On February 2, Wilson Asset Management reported selling out of Sportradar Group AG (SRAD 2.96%), exiting 322,342 shares for an estimated $8.67 million.
What happened
According to a Securities and Exchange Commission (SEC) filing dated February 2, Wilson Asset Management sold its entire holding of 322,342 shares in Sportradar Group AG (SRAD 2.96%) during the fourth quarter. The quarter-end position value for SRAD decreased by $8.67 million, reflecting the complete divestment and stock price movement.
What else to know
Top holdings after the filing:
- NASDAQ: GOOGL: $38.09 million (9.8% of AUM)
- NASDAQ: INTU: $26.77 million (6.9% of AUM)
- NYSE: PWR: $23.31 million (6.0% of AUM)
- NYSE: ICE: $20.16 million (5.2% of AUM)
- NYSE: MSCI: $19.98 million (5.1% of AUM)
As of February 2, shares of Sportradar Group AG were priced at $18.24, down 12.2% over the past year and underperforming the S&P 500 by 28.55 percentage points.
Company overview
| Metric | Value |
|---|---|
| Price (as of February 2) | $18.24 |
| Market capitalization | $5.48 billion |
| Revenue (TTM) | $1.23 billion |
| Net income (TTM) | $94.83 million |
Company snapshot
- Sportradar Group AG provides sports data, analytics, and live streaming services for betting operators, sports leagues, and media companies worldwide.
- The company generates revenue through licensing proprietary data feeds, offering mission-critical software solutions, and delivering content and risk management services across the sports betting value chain.
- It serves bookmakers, online gaming operators, sports federations, and media organizations as primary customers.
Sportradar Group AG operates at scale as a leading provider of sports data and analytics, supporting the global sports betting and media ecosystem. The company leverages advanced technology and proprietary data to deliver integrated solutions that underpin critical operations for clients in regulated markets. Its strategic focus on comprehensive data coverage and robust software platforms positions it as a key infrastructure provider in the rapidly evolving sports technology sector.
What this transaction means for investors
Sportradar is posting numbers that many mid-cap growth investors would envy, but its stock has really lagged over the past year. In the third quarter, revenue rose 14% year over year to 292 million euros, while adjusted EBITDA jumped 29% to 85 million euros, pushing margins to a record 29%. Cash generation was equally notable, with 115 million euros in operating cash flow for the quarter and no debt on the balance sheet.

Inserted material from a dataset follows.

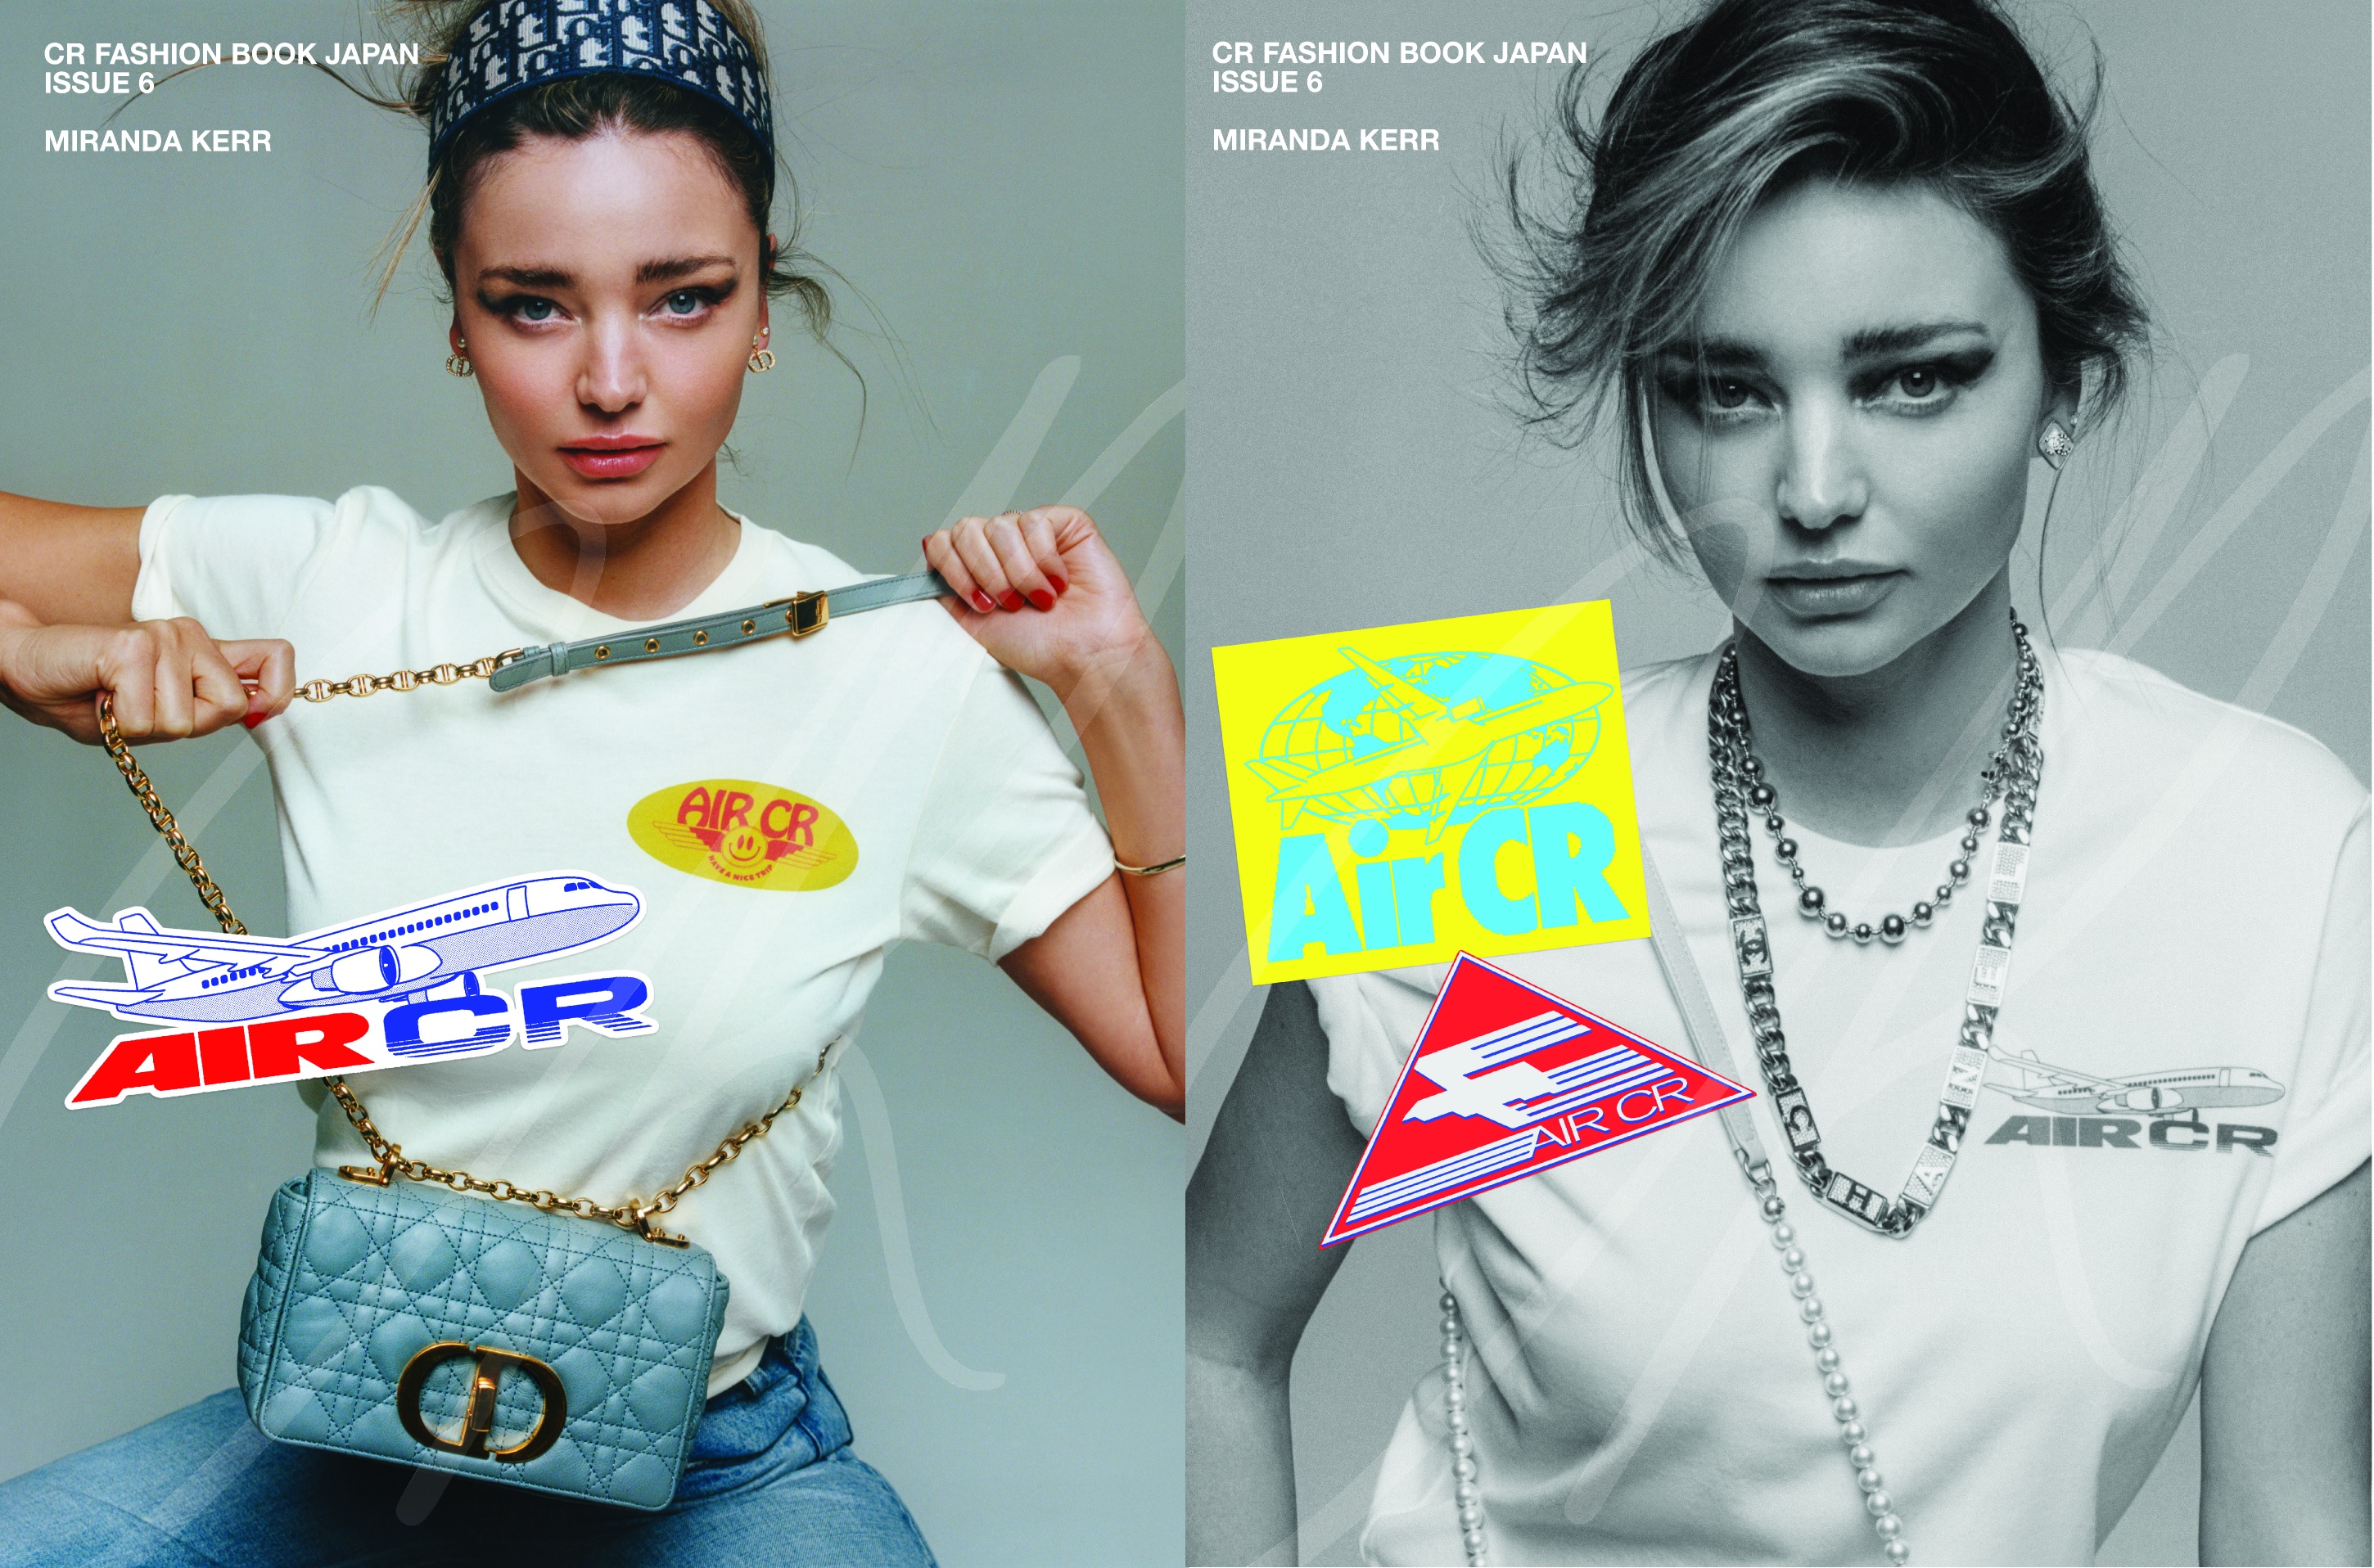 ミランダ カーが表紙を飾る Crファッションブック 日本版 第6号 4月13日発売 株式会社ハースト婦人画報社のプレスリリース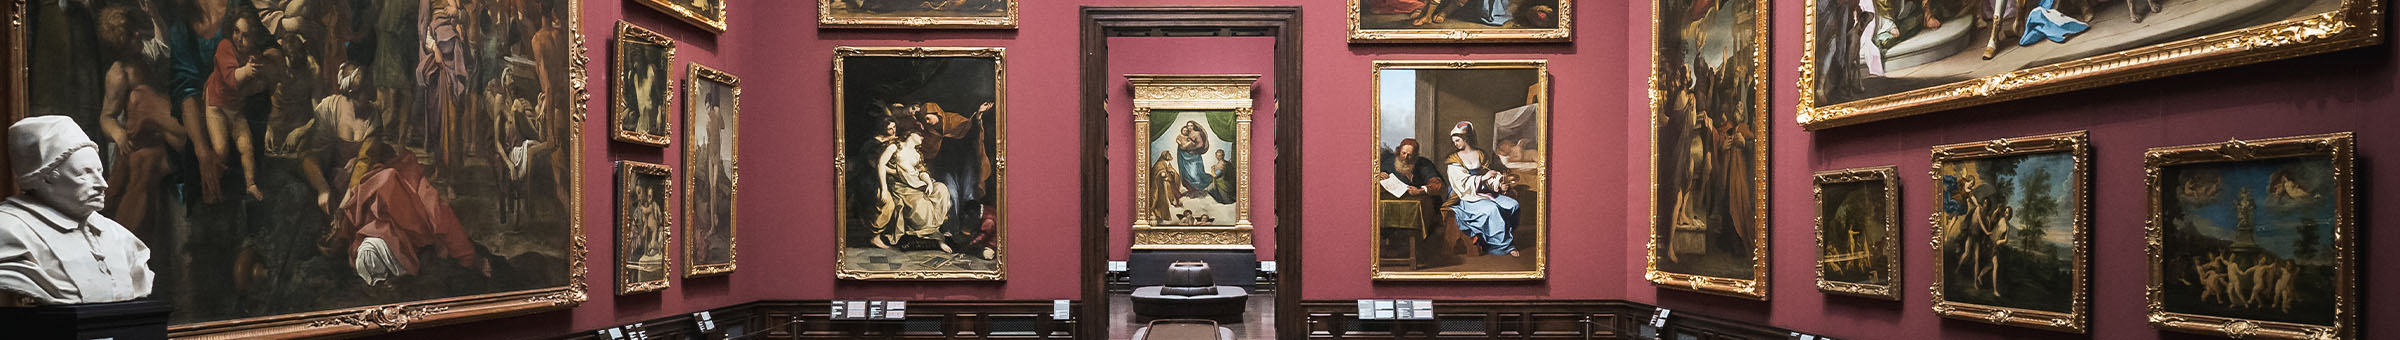 Die Gemäldegalerie Alte Meister mit Blick auf die Sixtinische Madonna von Raffael.

Management also raised its full-year 2025 outlook, calling for at least 1.29 billion euros in revenue and 290 million euros in adjusted EBITDA, alongside a $300 million share repurchase authorization. That combination of accelerating profitability, strong cash flow, and capital returns usually signals confidence, not caution.
So why exit? Wilson Asset Management’s remaining top holdings tilt toward highly profitable, entrenched compounders like Alphabet, Intuit, and MSCI. Against that backdrop, Sportradar isn’t quite a fit, remaining more exposed to sentiment around sports betting growth, regulatory shifts, and investor patience.